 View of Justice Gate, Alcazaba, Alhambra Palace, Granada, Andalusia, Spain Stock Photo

------------------------------------

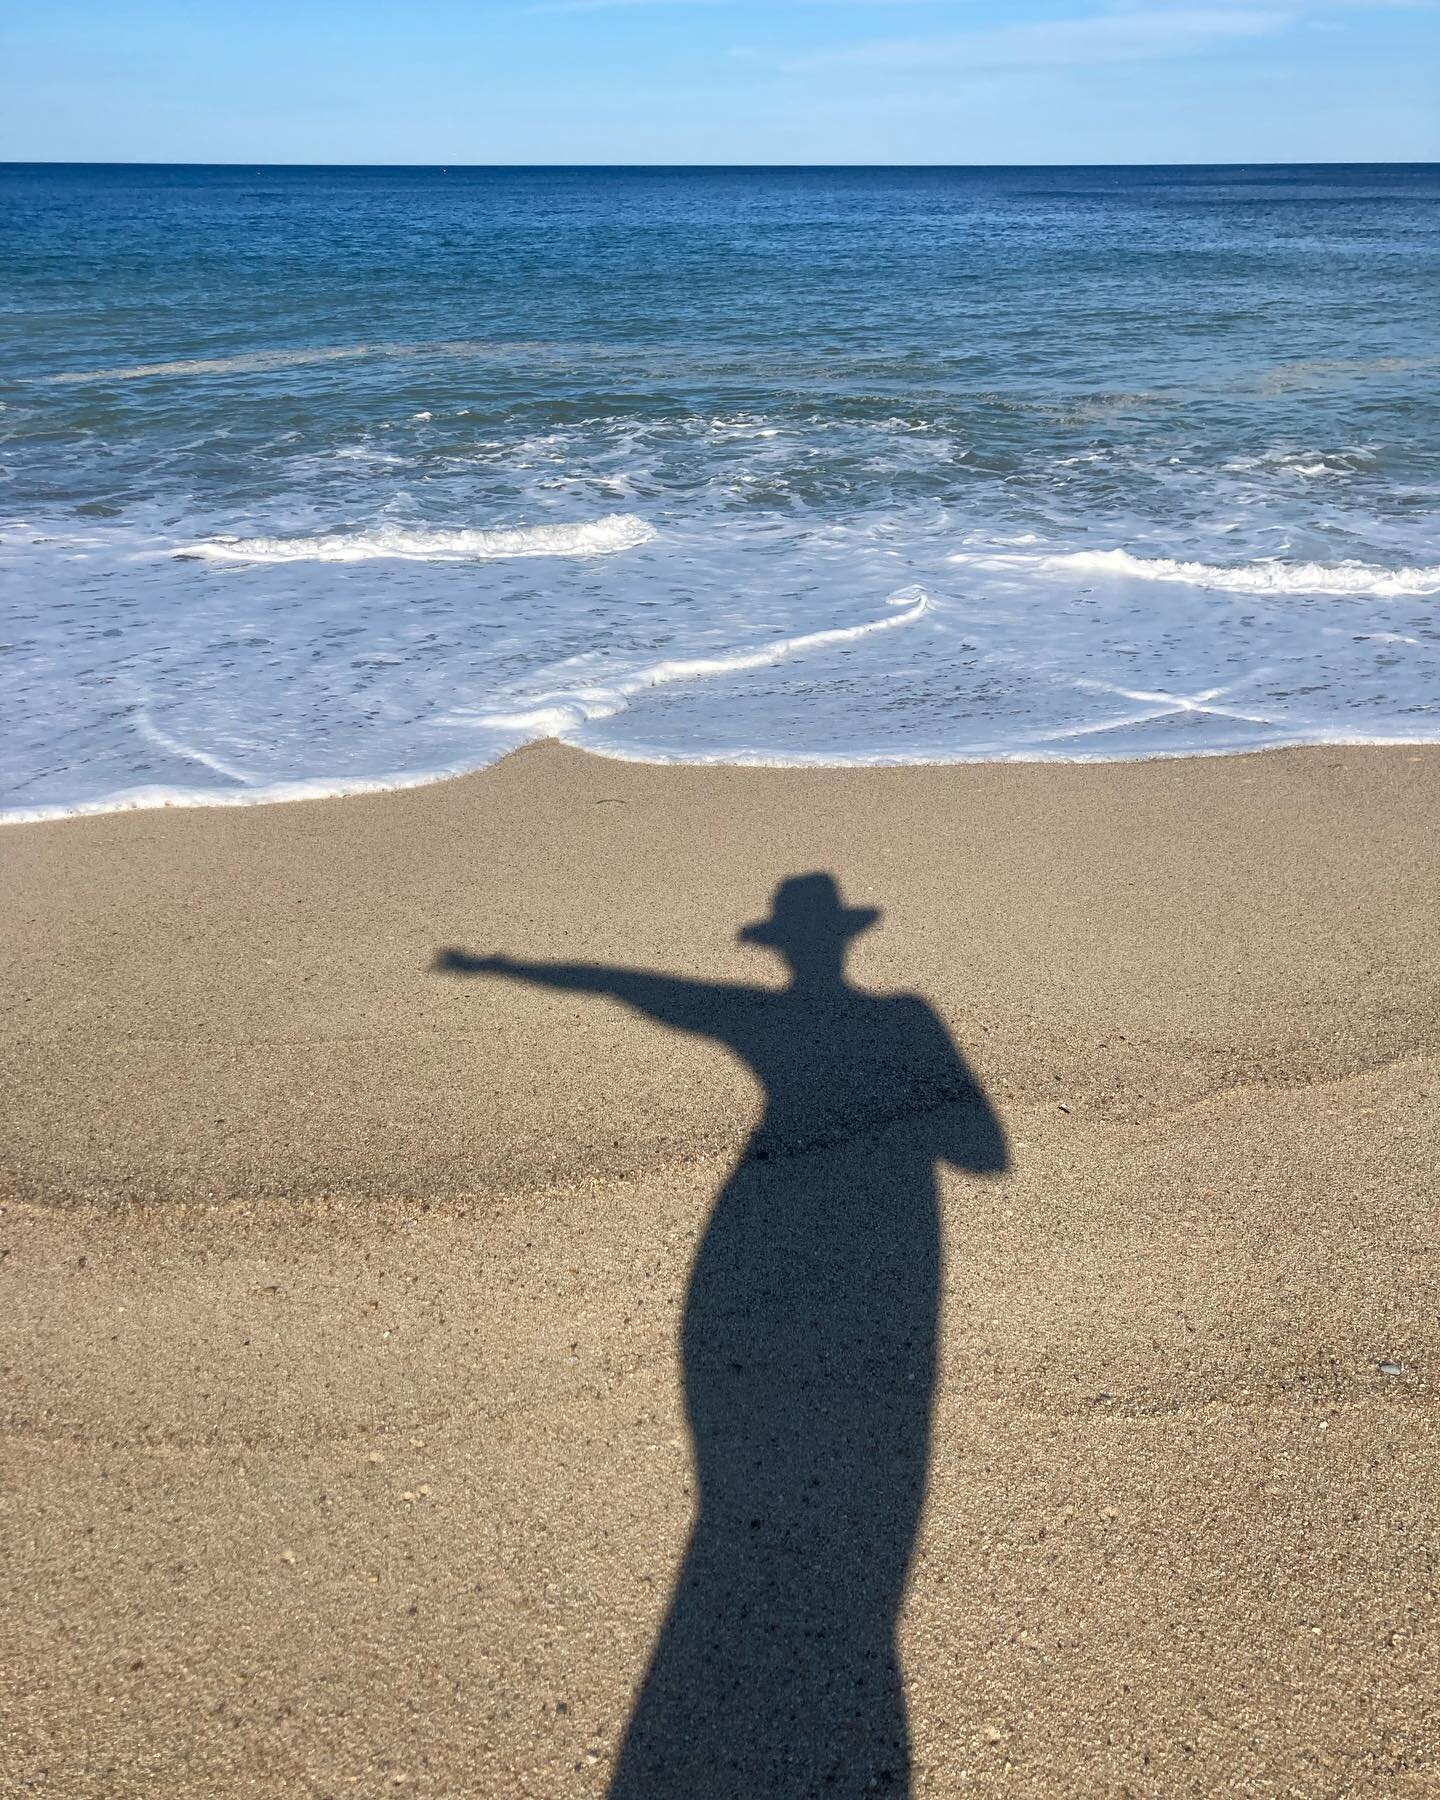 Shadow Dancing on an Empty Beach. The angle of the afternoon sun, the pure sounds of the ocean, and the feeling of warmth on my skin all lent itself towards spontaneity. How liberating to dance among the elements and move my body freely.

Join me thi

------------------------------------

Although pictures appear among the entries, please set down only the lines from the one with "Shadow Dancing on" up to and including the one with "Join me thi", word for word.

 Shadow Dancing on an Empty Beach. The angle of the afternoon sun, the pure sounds of the ocean, and the feeling of warmth on my skin all lent itself towards spontaneity. How liberating to dance among the elements and move my body freely.

Join me thi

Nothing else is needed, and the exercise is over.